[BUG ?] Controller on drbd not working and crush proxmox entirely after update

frenzymind commented 4 years ago

Hello. I update proxmox and linstor for latest versions. On host: pve-manager/6.1-7/13e58d5e (running kernel: 5.3.18-1-pve) linstor-client 1.0.12-1
linstor-common 1.4.2-1
linstor-proxmox 4.1.2-1
linstor-satellite 1.4.2-1
python-linstor 1.0.11-1

On controller: linstor-client 1.0.12-1
linstor-common 1.4.2-1
linstor-controller 1.4.2-1 python-linstor 1.0.11-1

And after reboot: If I click on any storage I got communication failure (0) after some time and watching loading spinner Can't run any container: Job for pve-container@109.service failed because a timeout was exceeded. This error even with containers on local storage. Proxmox gui freezes on every menu item. If I comment drbd section in storage.conf and reboot host - then all works well. Then I restore controller from backup but to local storage for now, uncomment drbd storage and reboot again. All works well. After some workaround: if controller located on drbd - then troubles appears and nothing work. If controller on local storage - all work perfect. What is wrong ?

rck commented 4 years ago

So the controller is in a VM on DRBD storage? Is the system configured according to the latest version of the documentation on how to run such systems? (not some outdated blog posts, the latest version of the LINSTOR guide).
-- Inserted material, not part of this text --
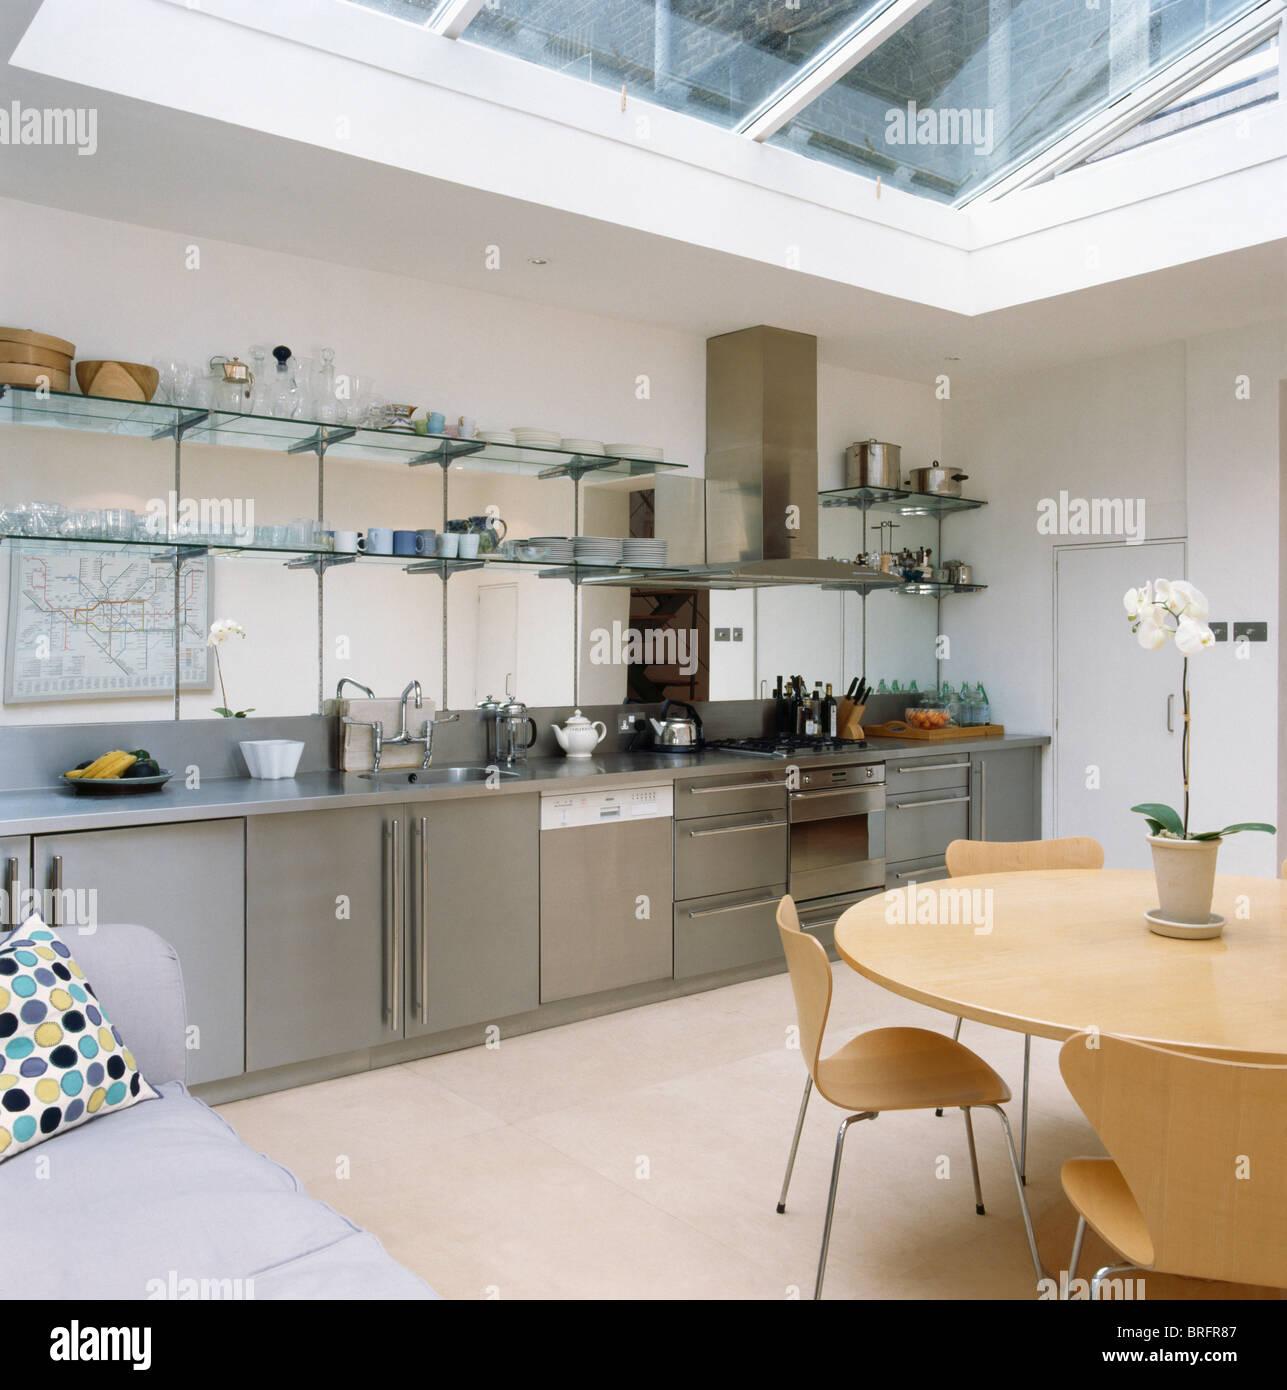 Prateleiras De Vidro Acima De Unidades De A O Inoxid Vel Na Cozinha

In general you can avoid many many many many (...) problems by not having the controller (basically we talk about the controller's DB) on DRBD itself. Using a etcd cluster for the DB works better. Or, and that would be my answer to 99% of all users: Just do regular backups of the DB, most systems are not that dynamic at all, especially ones dealing with real VMs like Proxmox. And if you lose the controller node, start a controller on another node with the backup DB. Easy and simple.

frenzymind commented 4 years ago

Controller was in ct on drbd. Now in ct but on local storage. I am not dure sure about configuration. Can you give a link for actual guide ? Controller sits on drbd for auto recreation on another node in case if current failed. Do it manually is not like HA solution, and takes time. Yes, I do backup of controller db. And when I test it, after creating new controller container and restore db, I have to reboot this node to make the controller work. So, rebooting is not good thing on working node.

rck commented 4 years ago

My guess is you have the same chicken and egg problem as if the controller would be in a VM. How would you start the controller on DRBD if it is needed to bring up the DRBD resource the controller is on. For VMs this can be solved like this: https://docs.linbit.com/docs/linstor-guide/#s-proxmox-ls-HA

LINSTOR controller in a container is completely untested, you are on you own. A similar similar solution as in the VM case should work. This is not a bug in the plugin, you use it in an unintended way, I'm closing this.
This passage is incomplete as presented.